## Directions for this task
Your copy starts at the line containing "PRRPB : Les" and ends at the last line of the material below. Reproduce those lines exactly, with no pictures.

## Recorded data
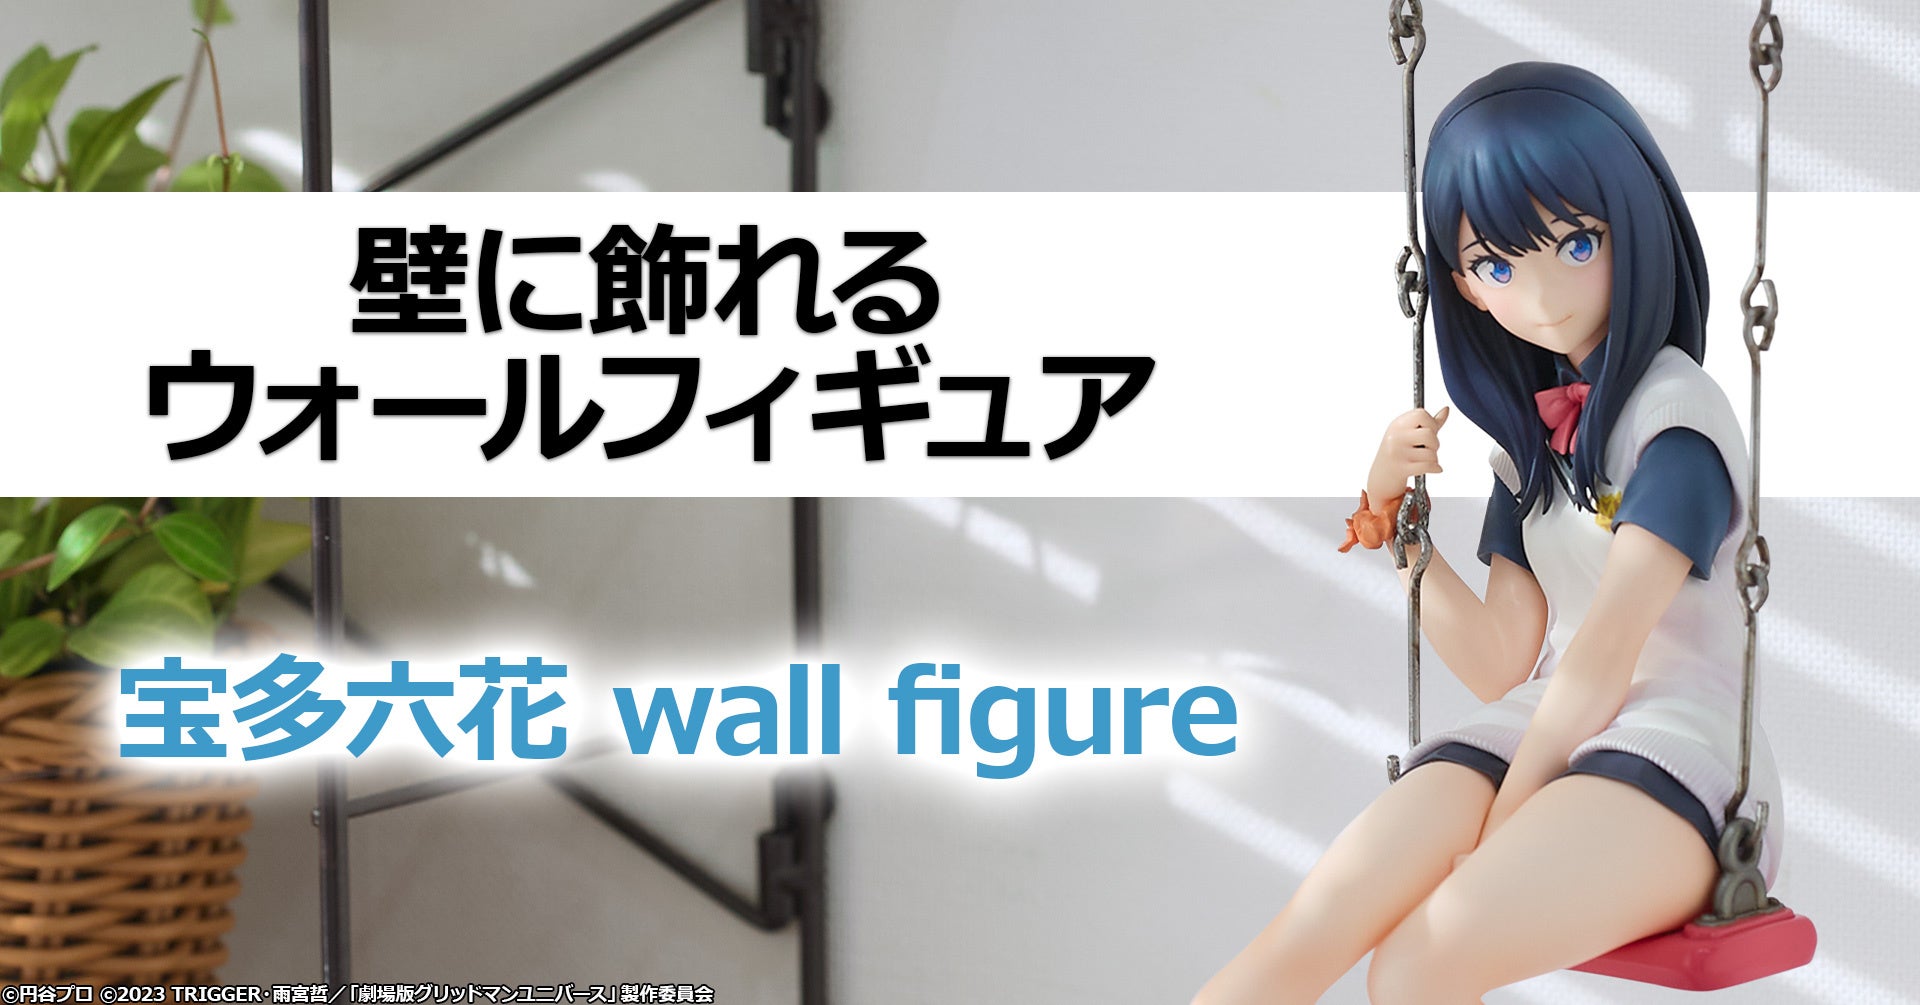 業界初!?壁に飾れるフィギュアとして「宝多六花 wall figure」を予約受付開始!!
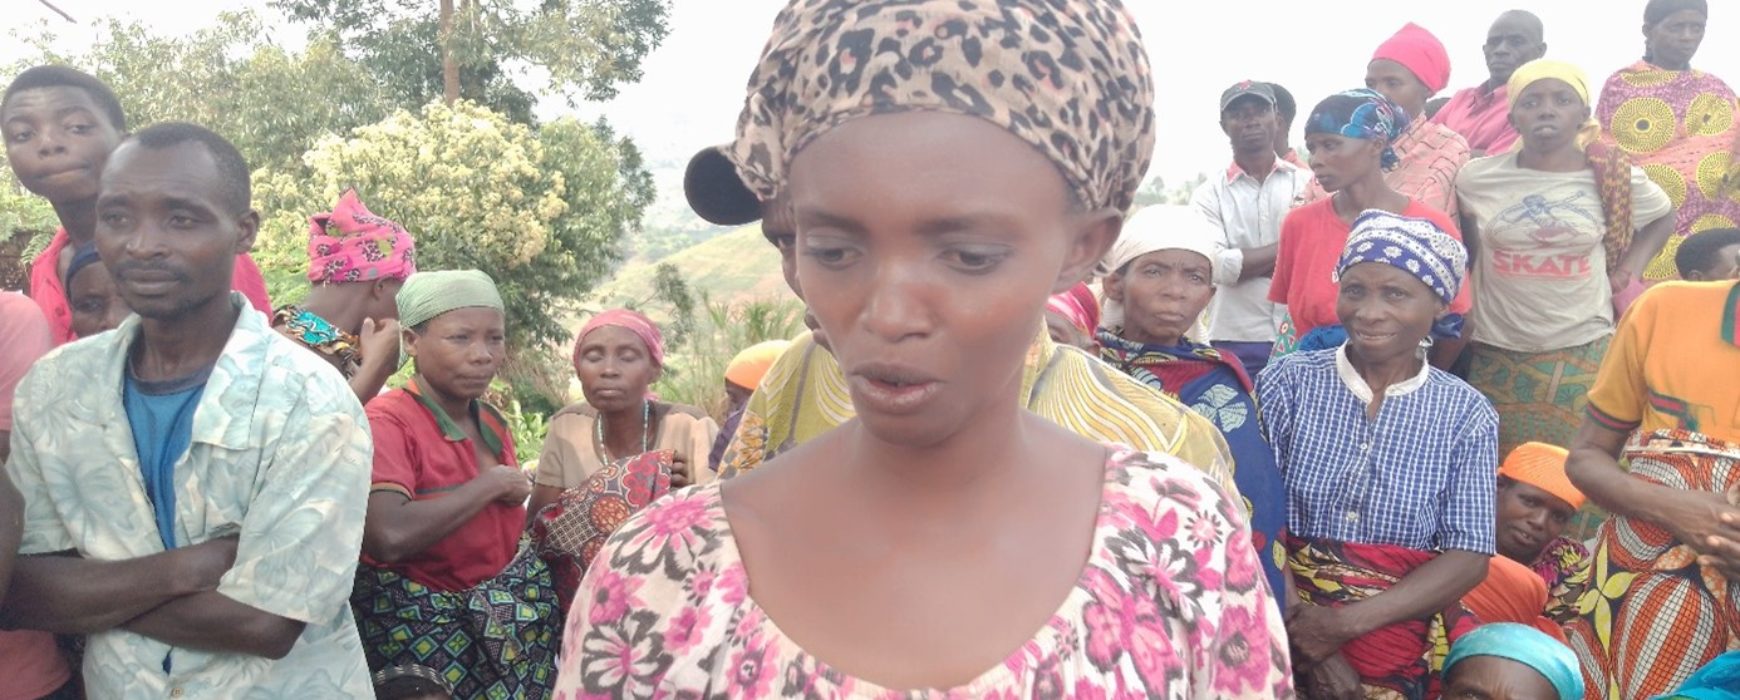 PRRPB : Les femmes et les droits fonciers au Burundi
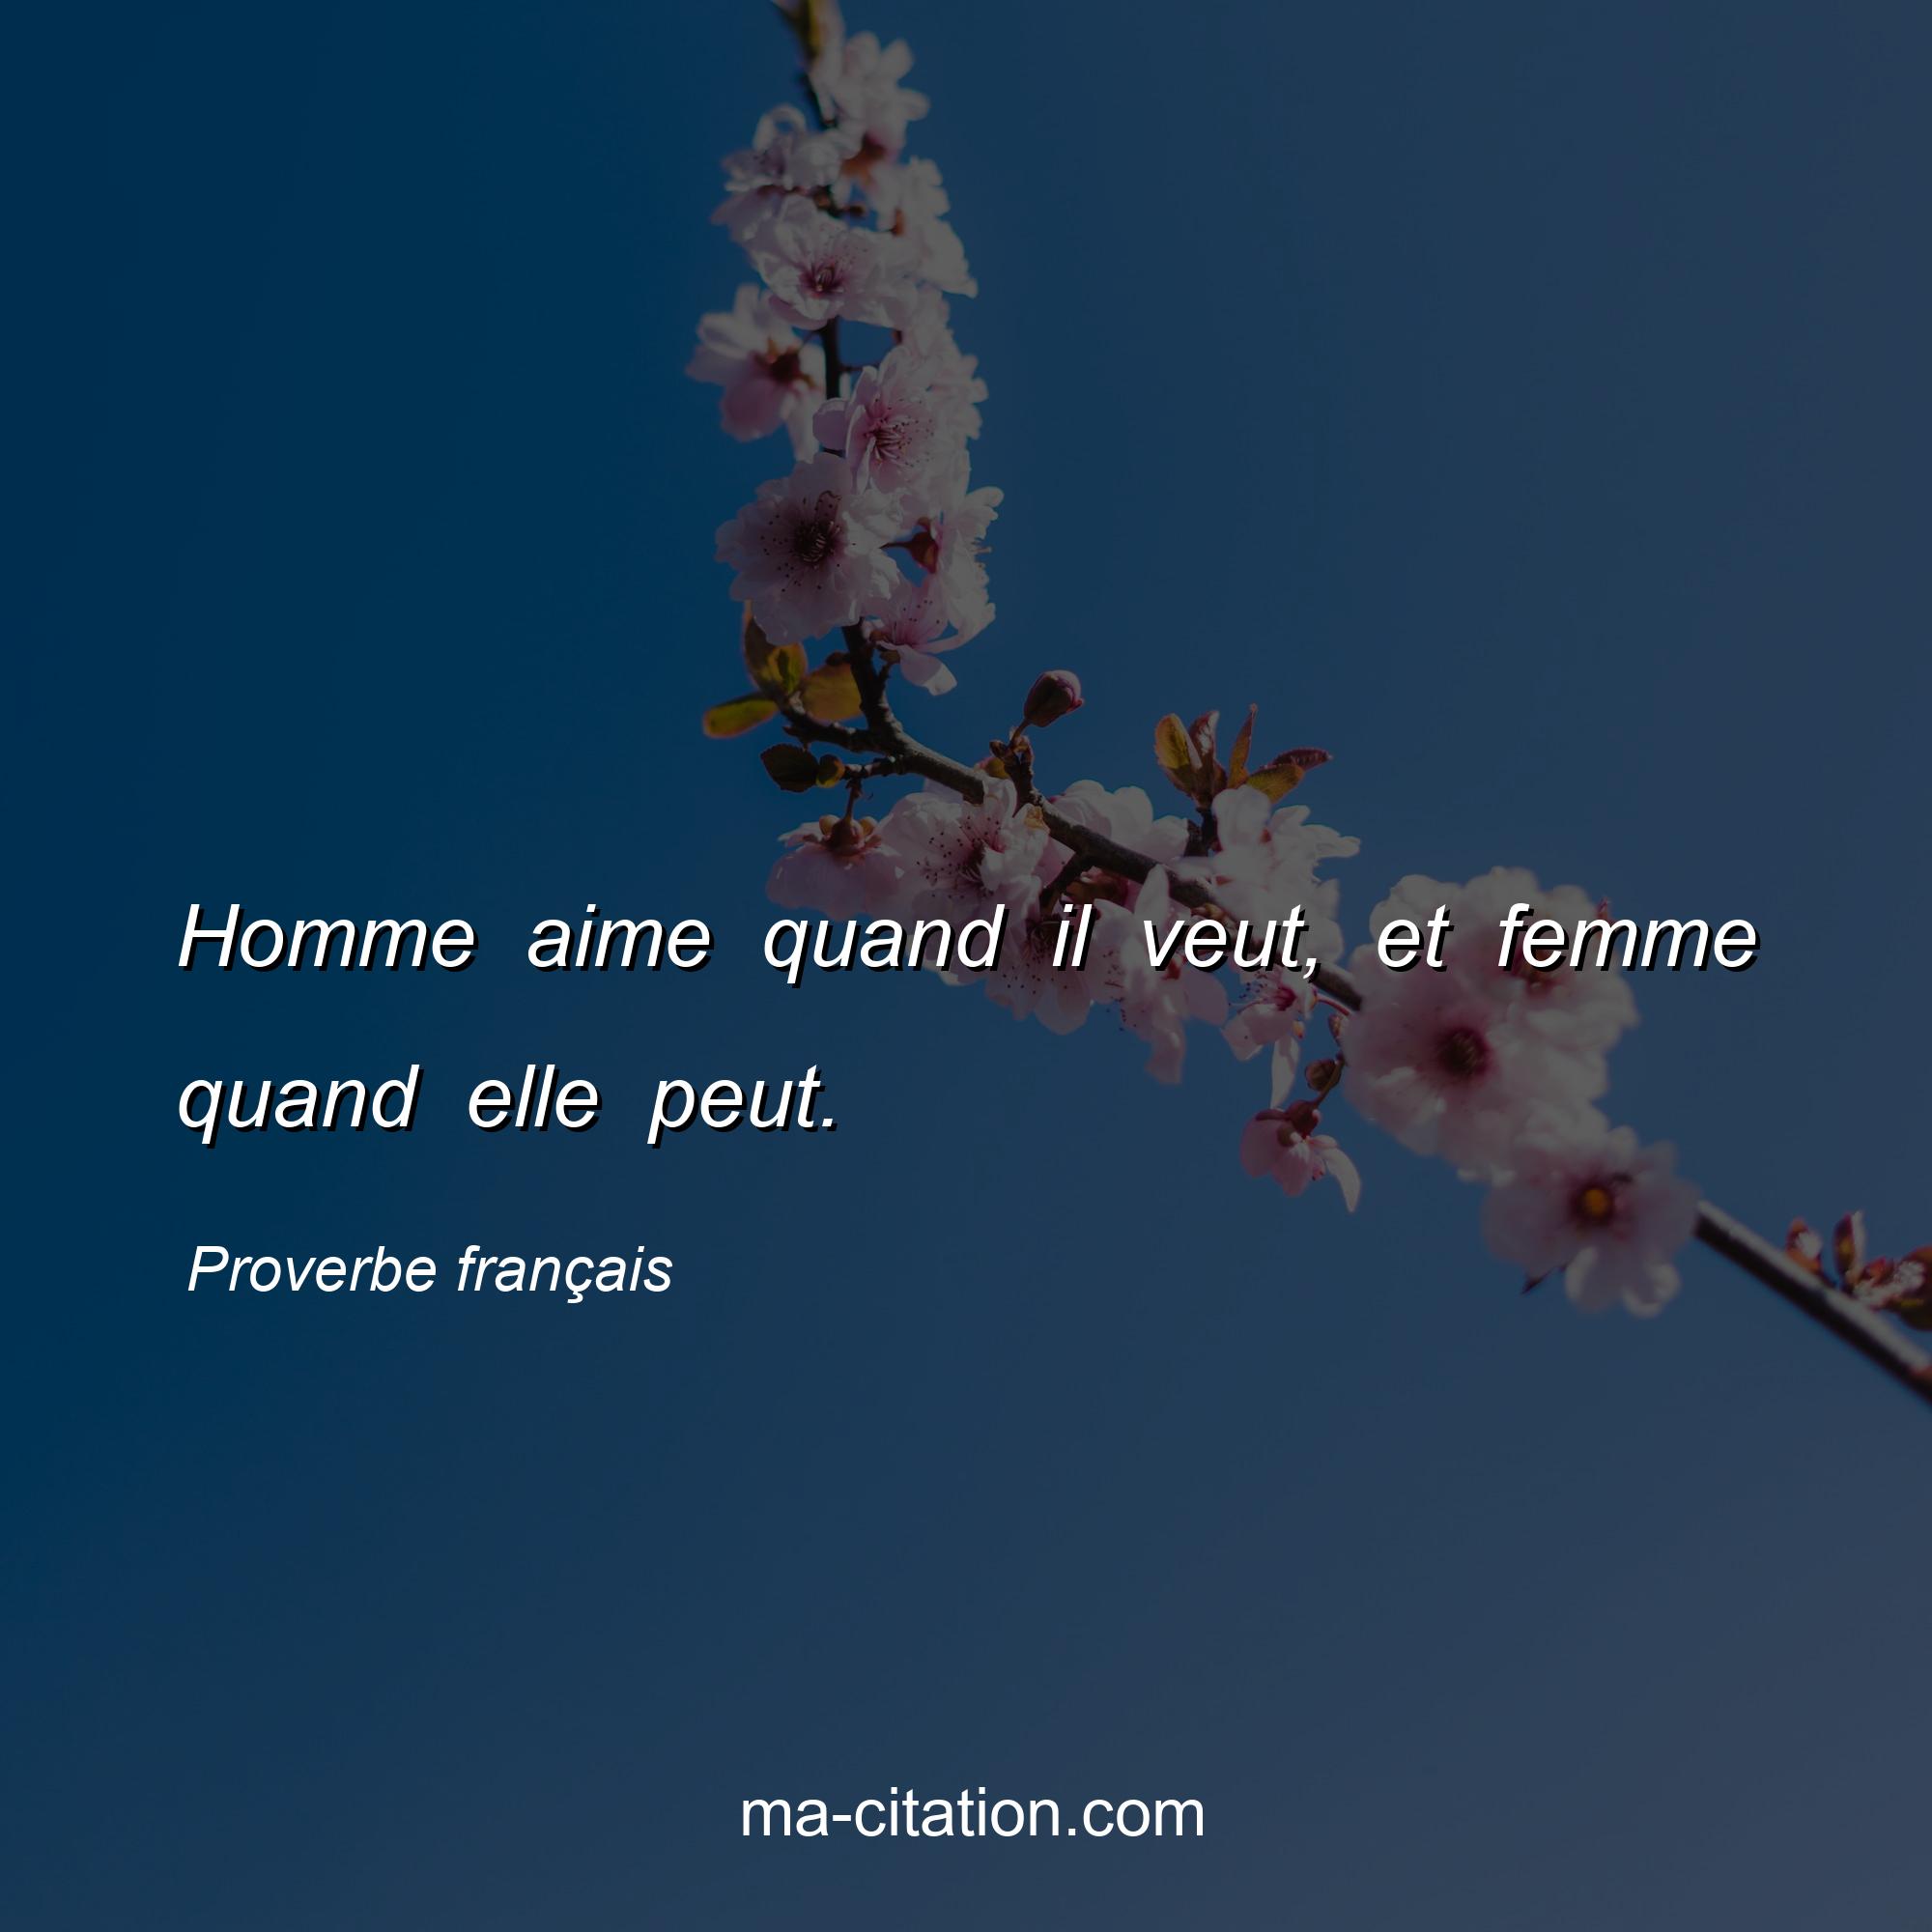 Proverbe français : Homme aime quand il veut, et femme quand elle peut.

## Your solution
 PRRPB : Les femmes et les droits fonciers au Burundi
 Proverbe français : Homme aime quand il veut, et femme quand elle peut.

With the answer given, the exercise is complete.